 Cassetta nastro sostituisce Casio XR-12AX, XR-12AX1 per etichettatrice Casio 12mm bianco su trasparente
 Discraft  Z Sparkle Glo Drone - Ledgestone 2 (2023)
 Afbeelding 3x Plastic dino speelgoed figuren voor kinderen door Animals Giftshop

== PROBLEM STATEMENT ==
Would you please reproduce every line from the one containing "Ledgestone 2 (2023)" through the final line of the listing, and only those lines?

== SOLVED EXERCISE ==
 Discraft  Z Sparkle Glo Drone - Ledgestone 2 (2023)
 Afbeelding 3x Plastic dino speelgoed figuren voor kinderen door Animals Giftshop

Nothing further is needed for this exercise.